Cheah acknowledges that globally, the investment environment remains risky and hence, investors should be defensive and diversify their holdings.

“Generally speaking, I’m neutral on Malaysian and Singaporean stocks. We prefer Chinese stocks, which remain cheap and should benefit from government efforts to stimulate the Chinese economy. We find US stocks rather expensive. We also suggest putting some money in gold as an insurance against an uncertain world,” he advises.

Cheah, who is also an independent non-executive director of the Hong Kong Exchanges and Clearing Ltd, has a 25% stake in Value Partners. Other shareholders include JP Morgan Chase & Co and Vanguard Group.

In August 1974, 20-year-old Cheah sailed from Penang to Hong Kong on a cargo ship, hoping to eke out a living in the former British colony. In Hong Kong, he worked at the Asian Wall Street Journal and Asiaweek. He was also deputy news producer at Hong Kong TVB’s English channel.

He made a mid-career switch in 1989 from journalist to head of research and proprietary trader at Morgan Grenfell, one of the oldest British investment firms.

Four years later, Cheah started Value Partners with his partner V-Nee Yeh. In 2007, it became the first asset management firm to be listed on the Main Board of the Hong Kong Stock Exchange.

Value Partners has assets under management (AUM) of US$18.1 billion (RM75.8 billion) as at June 30, 8% of which is invested in businesses in mainland China. Its China-related assets rose more than 35% from the end of last year to US$1.5 billion (see chart).

For instance, its Value Partners Classic Fund, which has a fund size of US$1.08 billion, primarily invests in markets in Asia-Pacific, with a Greater China focus. The fund’s top 10 securities holdings include Chinese e-commerce giant Alibaba Group Holding Ltd, chip foundry Taiwan Semiconductor Manufacturing Co Ltd, insurance giant AIA Group Ltd and liquor distillers Kweichow Moutai Co Ltd and Wuliangye Yibin Co Ltd.

 

Keep calm

Despite its recent weak share price performance, Value Partners stresses that it is business as usual for the group as it continues to maintain a solid financial profile.

“The recent situation in Hong Kong has broadly affected the performance of Hong Kong-related stocks. [Stocks in] industries such as tourism, retail and consumption in general have recorded a drop of around 20% to 40% in their share prices, while companies in the financial services sector have declined around 10% to 20%. The financial services sector remains stable overall in Hong Kong,” the fund house tells The Edge via email.

Value Partners says headwinds remain on the back of trade tensions, weakening macro data and global recession fears.

“We expect policies will continue to be accommodative to cushion the market downside risk.

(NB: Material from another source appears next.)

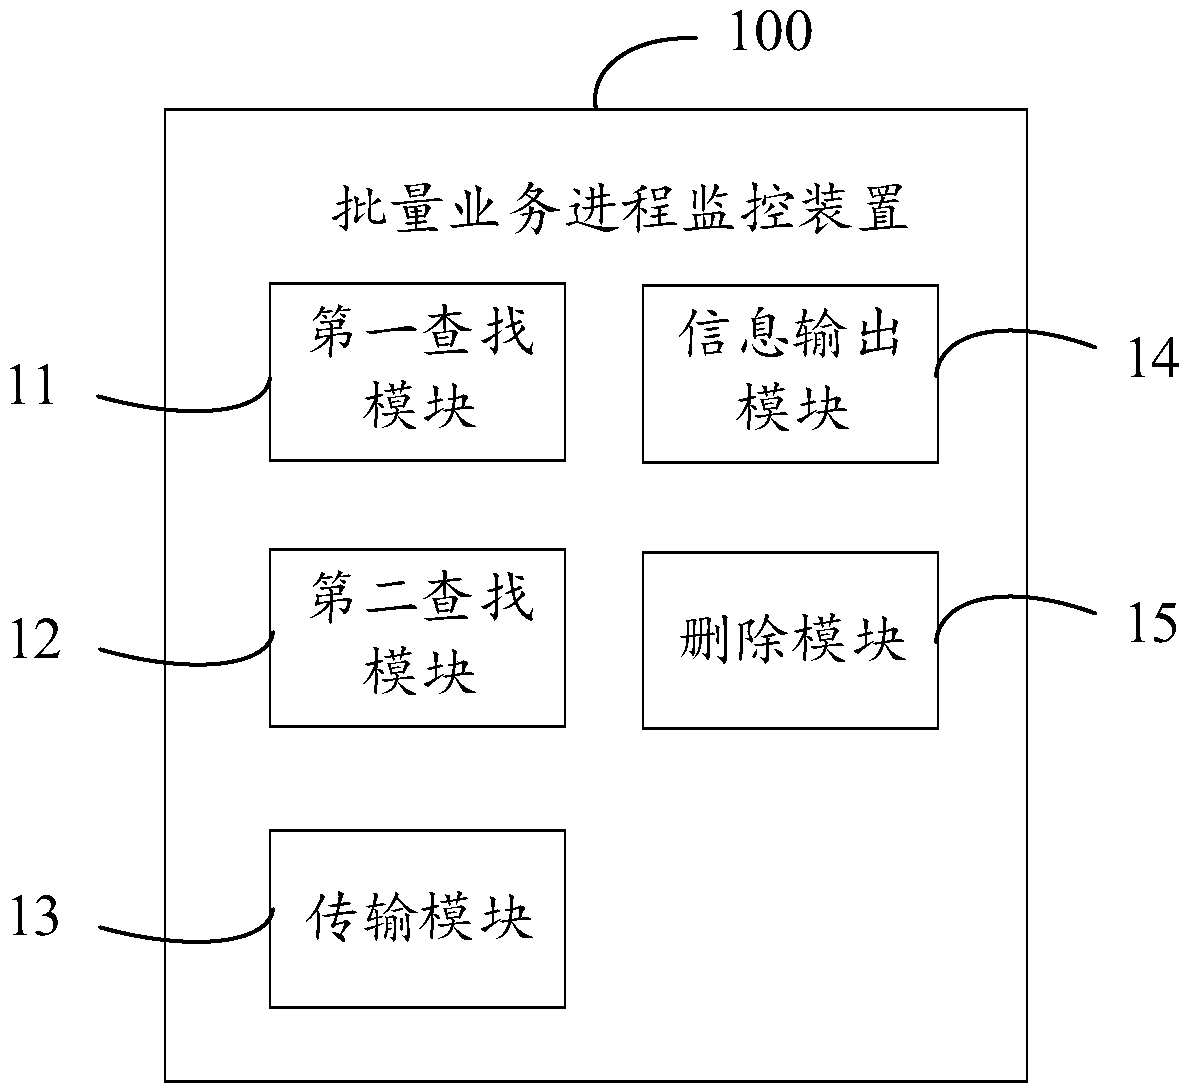 Batch business process monitoring method and device, computer and readable storage medium

The current valuations suggest long-term investors would be rewarded with more upside risk than downside risk.

“We prefer domestic-driven sectors such as healthcare and companies that benefit from China consumption upgrade. Besides, selective technology companies are also attractive after the de-rating cycle in 2018,” the firm adds.

While Value Partners expects global uncertainties to continue to hurt investors’ sentiment and markets to remain volatile, it is of the view that investors should not overreact.

“As a value investor, we find this a good window to identify undervalued investment opportunities. Bottom-up stock selection would be the main return driver and we look for companies that are trading below their intrinsic values.

“Value Partners has experienced many different market cycles and has weathered similar market uncertainties in the past 26 years. We expect the market environment to gradually return to normal,” the firm concludes.